Six months into 2021, we are still experiencing a market of ups and downs. The S&P 500 is chugging along nicely with a 14% gain year to date, but stocks like Apple (NASDAQ:AAPL) and Amazon (NASDAQ:AMZN) -- both of which came out with mind-blowing revenue and earnings numbers earlier in the year -- have somehow failed to climb. In fact, as of this writing, Apple stock is down 1.9% on the year, while Amazon stock has had its moments but is currently sitting at only a 5% gain. Perhaps investors are looking for news on companies that will be life-changing, or even life-saving?
Clovis Oncology (NASDAQ:CLVS) may fit that bill. As a biotech aimed at improving and saving lives, Clovis is focused on advancing the fight against cancer with treatments for patients across the U.S., Europe, and internationally.
Signs of a breakthrough
In March of this year, Clovis announced that phase 3 trials for its ovarian cancer treatment drug, Rubraca, met their primary endpoint. In patients with advanced relapsed ovarian cancer, the studies found that Rubraca significantly improved progression-free survival when compared to chemotherapy.

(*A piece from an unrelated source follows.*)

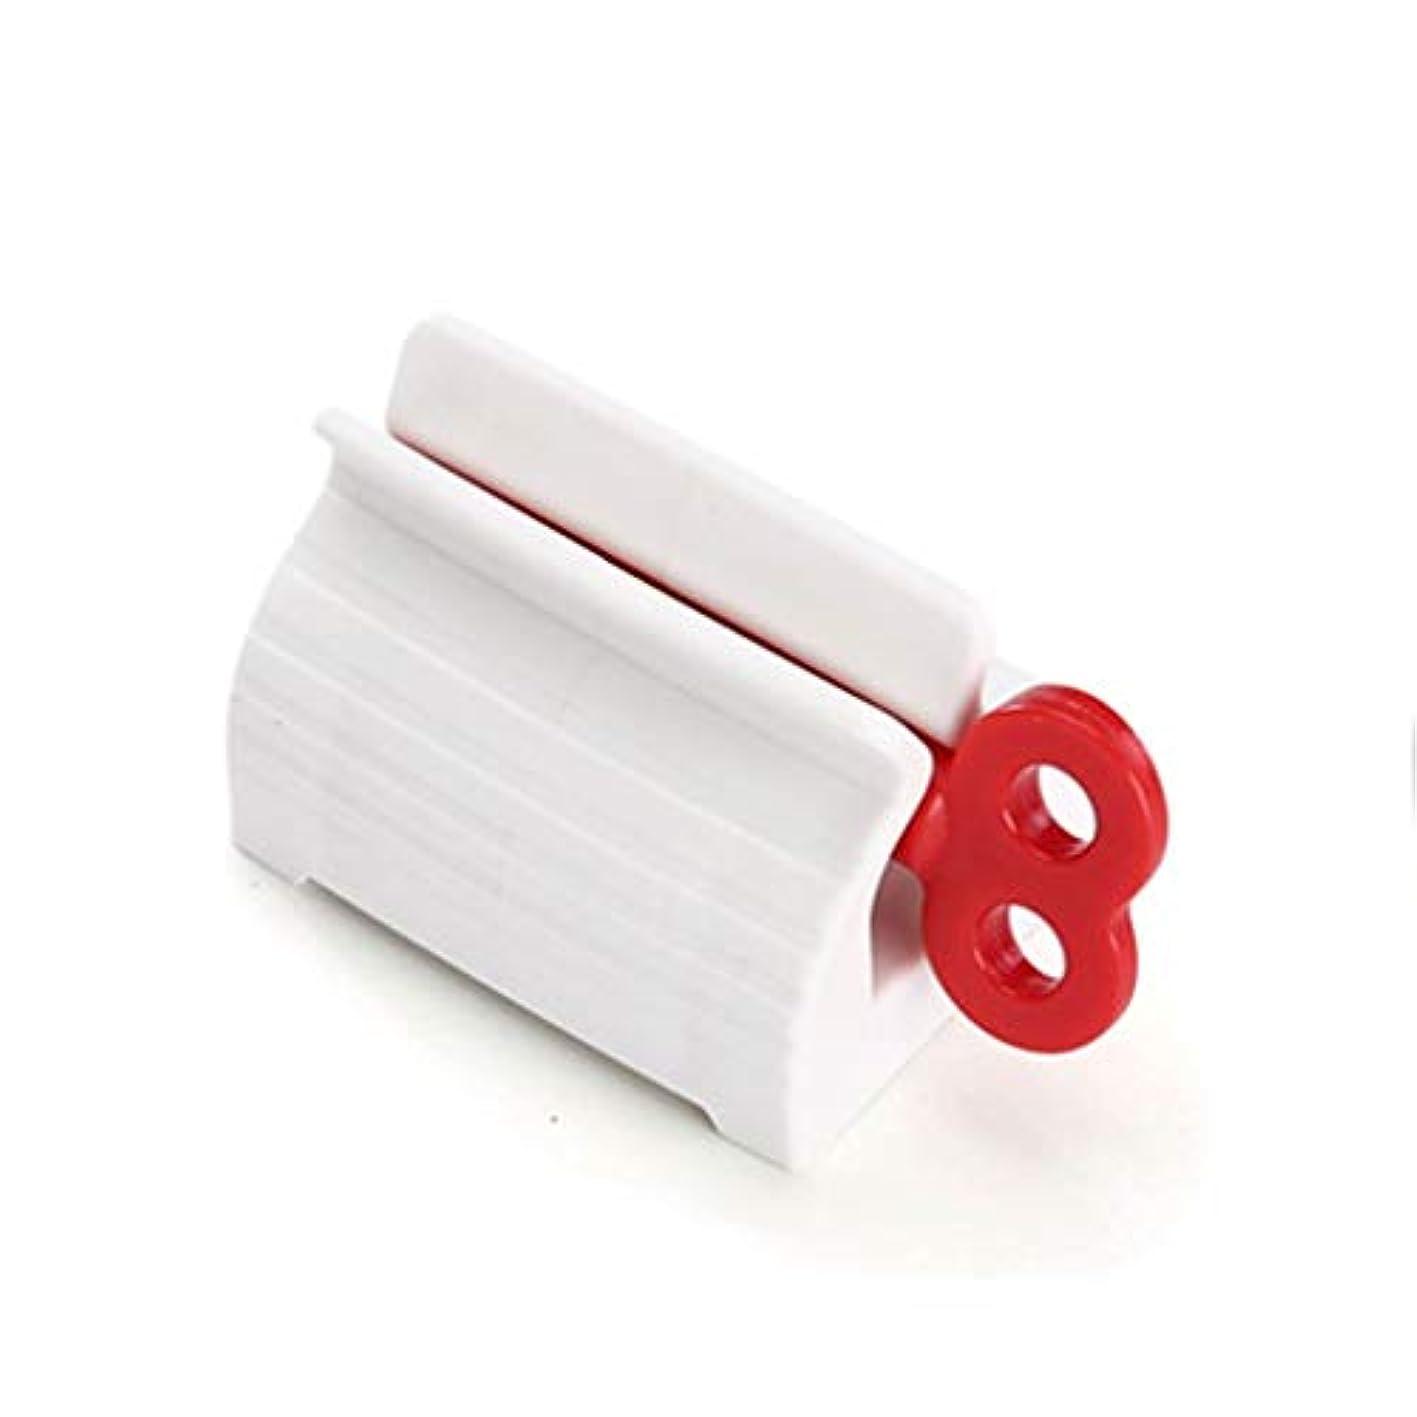 校長グレードループuzinbyチューブ絞り器 軟膏押出器 ハンドクリーム 歯磨き粉チューブスクイーザー

Although the U.S. Food and Drug Administration (FDA) granted approval of Rubraca in 2016 for use as a maintenance treatment for ovarian cancer, the new studies show that the drug can be effectively used in relapse patients with advanced disease, for whom there are currently a limited number of options. If approved by the FDA for advanced treatment, Rubraca will provide Clovis with the opportunity to grow revenue while extending the lives of more patients.
The ovarian cancer market, valued at $1.8 billion in 2018, is expected to grow at a compound annual growth rate (CAGR) of 16% through 2027, driven by a growing ovarian cancer incidence rate, increasing health expenses, and a growing number of clinical trials. An expansion into this market could provide Clovis with greater revenue opportunity, building on its 2020 results.
2020 full-year revenue for Rubraca was up 15% over 2019, supported by a 10% increase for the fourth quarter on a year-over-year basis. Clovis also did a nice job of corralling expenses, which were reduced by 22% for the full year compared with 2019, thanks primarily to lowered research and development (R&D) spending on Rubraca trials. The company anticipates those expenses to be further reduced during 2021.
So far, it's making good on plans to continue with its reduction in R&D spend, successfully bringing that number down by $28 million year over year during the first quarter. However, based on first-quarter revenue results, Clovis will need the additional growth opportunity of a growing market to get back to 2020-type revenue numbers and signs of improvement. Revenues for the first quarter of 2021 came in at a less-than-stellar $38 million, an 11% decline from the same period last year.
For investors, the combination of higher revenue and lower expenses during 2020 resulted in an improvement in earnings per share. Though the company still experienced a net loss for the year, the amount of loss per share decreased by 41%, from a loss of $7.43 in 2019 to a loss of $4.38 in 2020.
What's the current hype?
The company's Rubraca received FDA approval during 2020 as a treatment to help fight prostate cancer, and its product pipeline is putting up a battle with some heavyweight competition. Now, promising clinical trials for advanced relapse of ovarian cancer and a potential stock short squeeze are gaining hype.
The announcement of successful phase 3 trials in March caused the stock price to shoot up by 60% shortly after. Then it slid back down -- until it garnered some notice on Reddit's r/WallStreetBets. The hype on Reddit really didn't do long-term investors any favors. The stock spiked by about 25%, just enough to possibly make some grab-'n'-go retail investors a small profit, but has since started to slide once again slide, even with the short interest still at a huge 31%.
The combination of promise and hype is a great reason to keep an eye on Clovis, especially if you're already invested. An average analyst 12-month price target of $6.63 leaves room for a 15% jump from today's price, and a high target of $12 is a nice teaser. But for now, as the hype cools off, being on the sidelines until second-quarter numbers are reported might be good for those thinking about jumping in.